Jose Pereira, MD
Assistant Professor,
Division of Palliative Medicine,
University of Alberta.
Palliative Care Consultant.

Opioid analgesics are one of the most effective treatment modalities for cancer pain. In the past, several studies have revealed mismanagement of cancer pain, and under-utilization of opioids. As a result, the last ten years have seen an enormous educational drive by various international organizations to reverse the needless suffering. These educational drives have resulted in a healthy and appropriate increase in the availability and use of opioids, as well as a general increase in dose and length of exposure to the opioids. Clinicians are gradually becoming more acquainted with the general principles of cancer pain management and more knowledgeable regarding the common opioid adverse effects such as nausea, constipation and sedation.

With this increased utilization, has come an increased detection of "newer" adverse effects. These adverse effects are primarily neuro-psychiatric in nature and include myoclonus, grand-mal seizures, hallucinosis and delirium, hyperalgesia and allodynia. Myoclonus presents as generalized muscular twitching and if severe enough, can go onto develop grand-mal seizures. Hyperalgesia and allodynia, in which normally non painful stimuli become very painful, are one of the more dramatic toxicities described. Several authors have reported patients experiencing visual or tactile hallucinations. Cognitive impairment, delirium and late-onset sedation have also been noted. Most of the commonly utilized opioids, including morphine, hydromorphone, oxycodone, and fentanyl, have been implicated.

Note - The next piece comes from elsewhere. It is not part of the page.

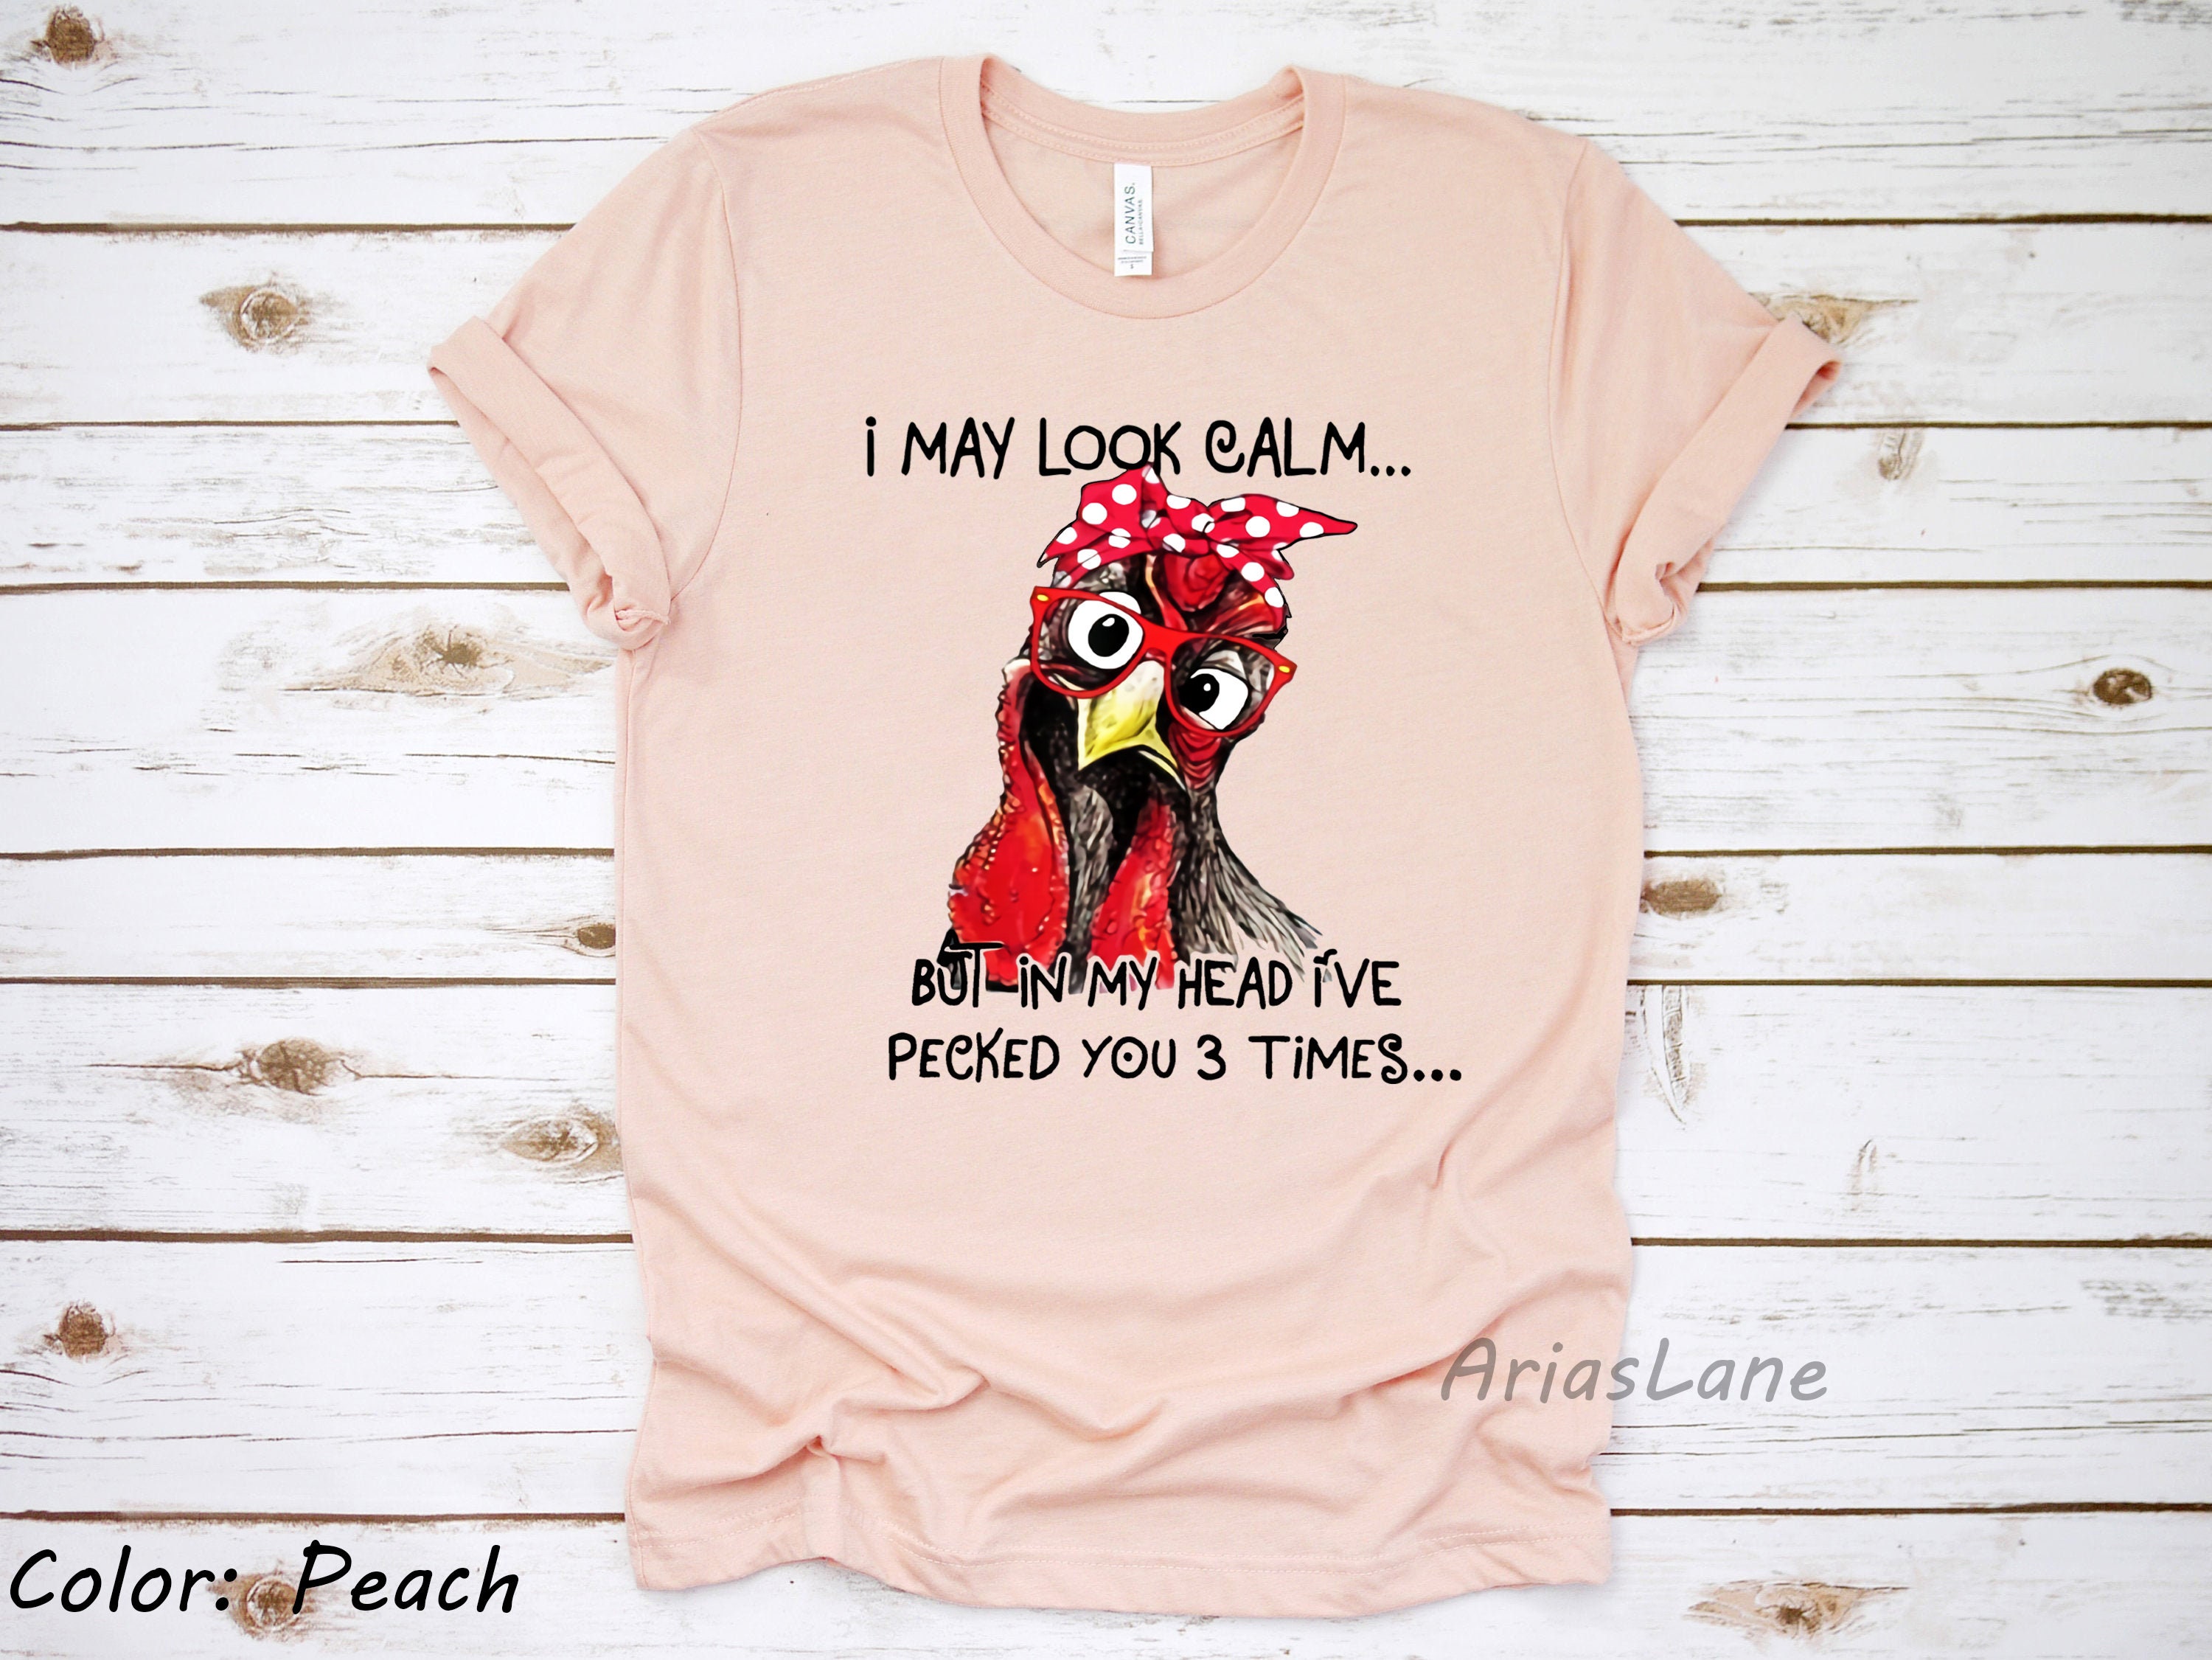 I May Look Calm but in My Head I've Pecked You 3 Times | Etsy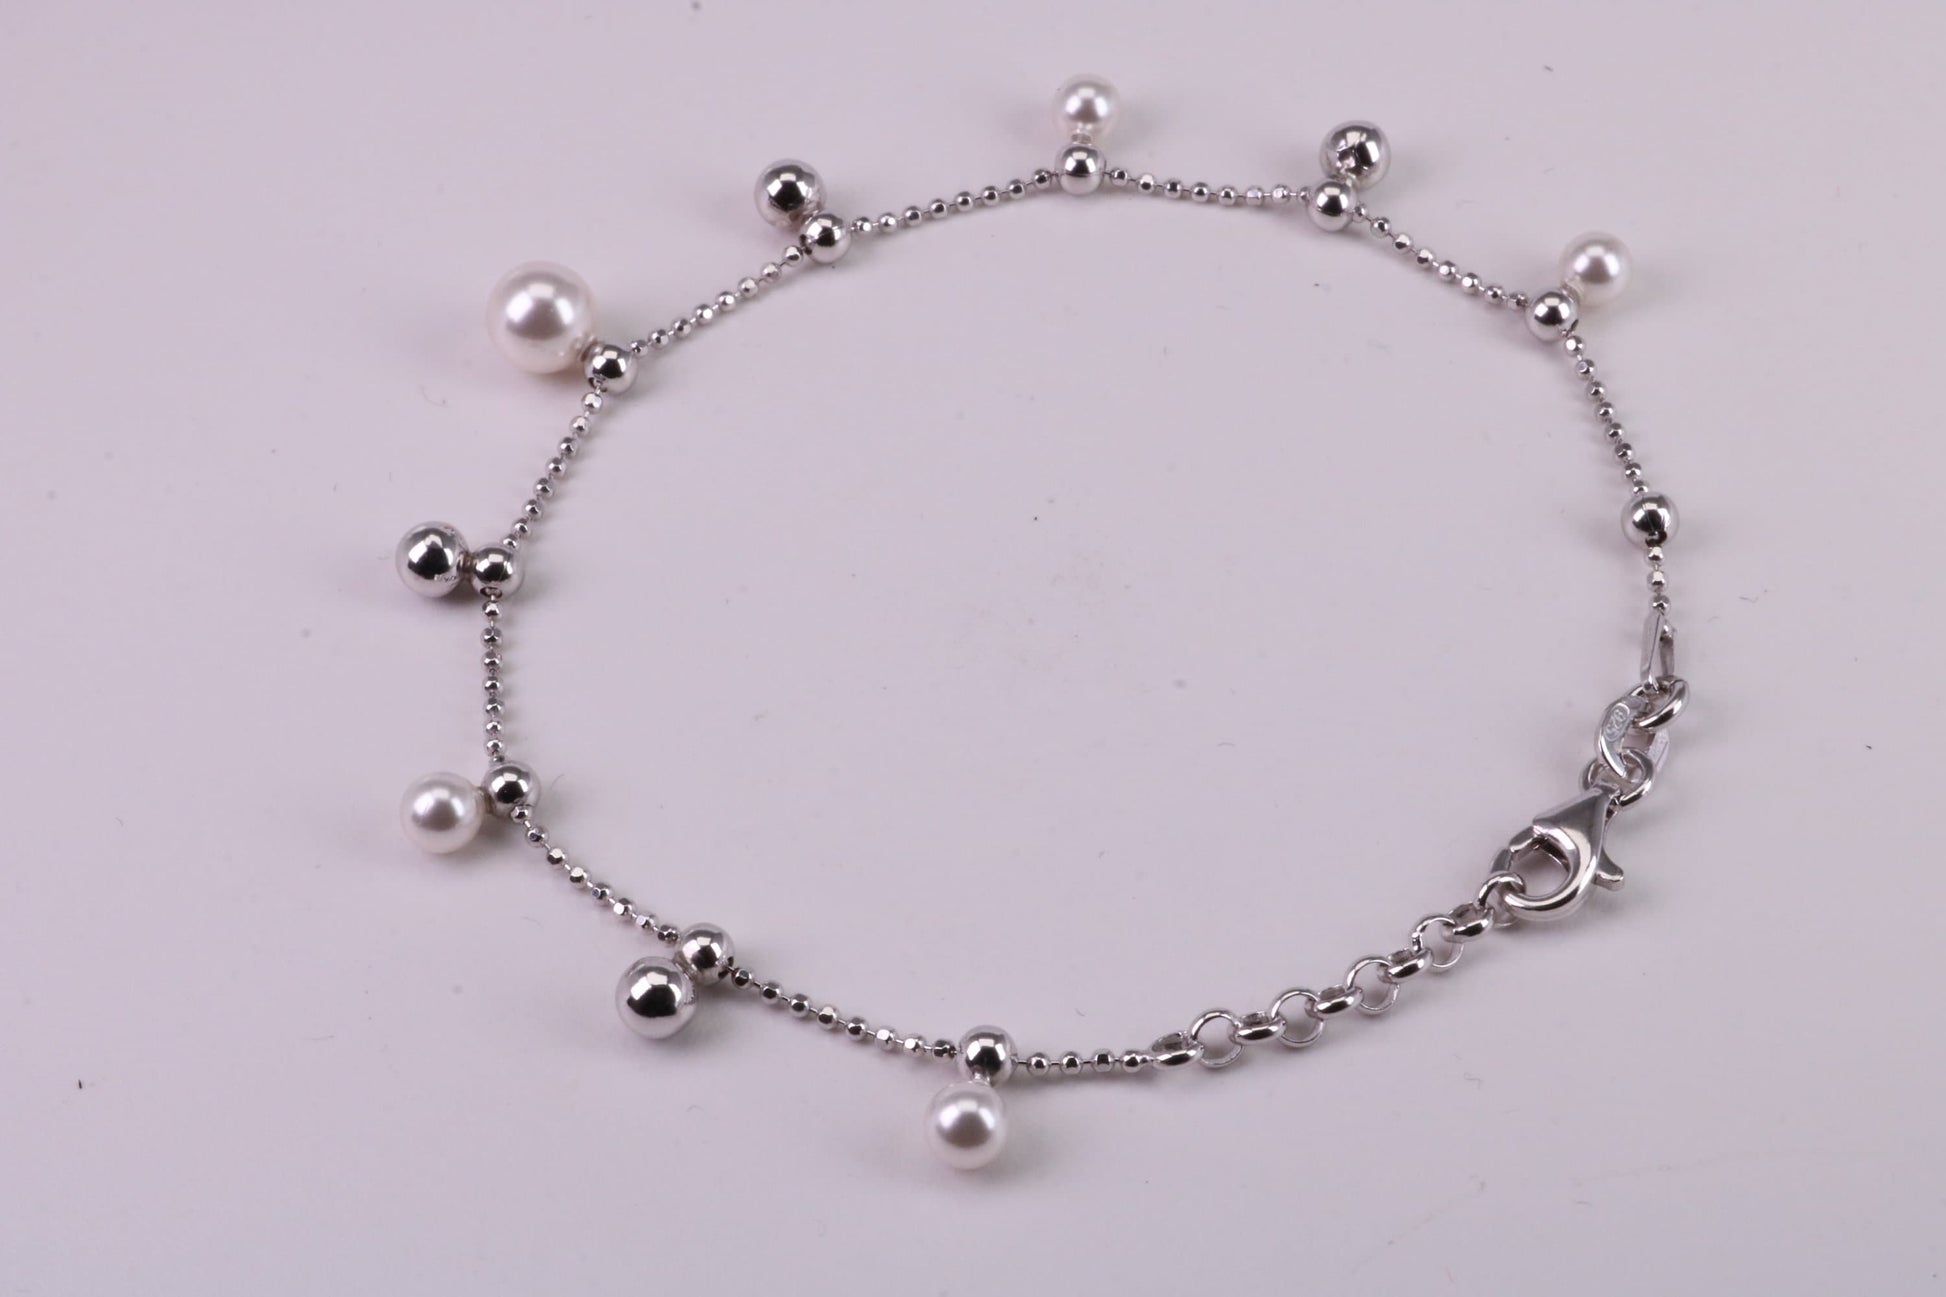 Pearl and Plain Bead Bracelet, With Length Adjustable Chain, Made from solid Sterling Silver

The accumulation of various active opioid metabolites has been postulated to be the main underlying cause of these "newer" toxicities. Metabolites of various opioids are generated by the liver and eliminated by the kidneys. Studies have shown that morphine-3-glucuronide (M-3-G) cause severe central nervous system excitation, whereas morphine-6-glucuronide can result in a spectrum of classically related opioid side effects. Other metabolites, as well as the parent opioid, may also be involved. Since these opioid metabolites are eliminated by the kidneys, renal impairment will result in their accumulation, giving rise to toxicity. Patients at risk for developing these neuro-toxicities are those with borderline cognition, those on high doses of opioids and for prolonged periods, patients with neuropathic pain, patients with renal impairment and dehydration, and patients taking psychoactive medications such as benzodiazepines.

It must be emphasized that these newer toxicities should not be a deterrent to clinicians and physicians utilizing these effective drugs in their efforts to control cancer pain. Various very effective strategies have been described to prevent, control and reverse these toxicities. The most successful strategies are opioid rotations, hydration and the discontinuation of other aggravating drugs. In recent years an increasing number of authors have reported successes using these strategies. An opioid rotation involves the switching over to an alternative agonist opioid at an equianalgesic dose, less 20-50%, when these toxicities emerge. This allows for the elimination of the offending drug while maintaining adequate analgesia with the new one. Our group utilizes switches between morphine, hydromorphone, oxycodone, fentanyl and methadone. We have found methadone a very useful opioid: with the caveat that chronic administration of methadone results in it being approximatley is approximately ten times more potent than morphine. This is very different to most commonly reported equi-analgesic dose tables. Hydration allows for the elimination of the offending opioid metabolites. Discontinuation of other drugs that may aggravate delirium etc , such as benzodiazepines, is prudent if delirium presents. The symptoms of delirium can be controlled with other drugs such as haloperidol. In countries where alternative agonist opioids are not available, the overall opioid dose can be reduced or circadian modulation, with decreased nocturnal doses, that can be employed. Where severe sedation persists despite opioid rotations, dose reductions, and the elimination of other psychoactive drugs, a psychostimulant may be useful. Various other drugs for the treatment of such toxicities as myoclonus have been reported in the literature. These include clonazepam, lorazepam, baclofen, barbituates, etc. However, none of these have been studied in well-controlled trials, the evidence for their effectiveness is occasionally contradictory, many of them are themselves associated with central nervous system adverse effects, and ultimately, they do not remove the underlying cause of the problem.

As clinicians, we should be more attentive to these toxicities. We should be monitoring cognition in these patients regularly, we should be inquiring about the presence of hallucinations and hyperalgesia, and we should be identifying patients at risk. These toxicities should not deter us from utilizing opioids in cancer pain. Rather, we should be aware of them, we should be knowledgeable of the various strategies to manage them, and in our education efforts, we should be emphasizing the need for regular, thorough multidimensional assessments of our patients, we should emphasize the recognition of these toxicities and teach other caregivers on how to manage these toxicities appropriately. We should continue to promote the use of opioids, but the time has also come for greater finesse when utilizing these excellent medications.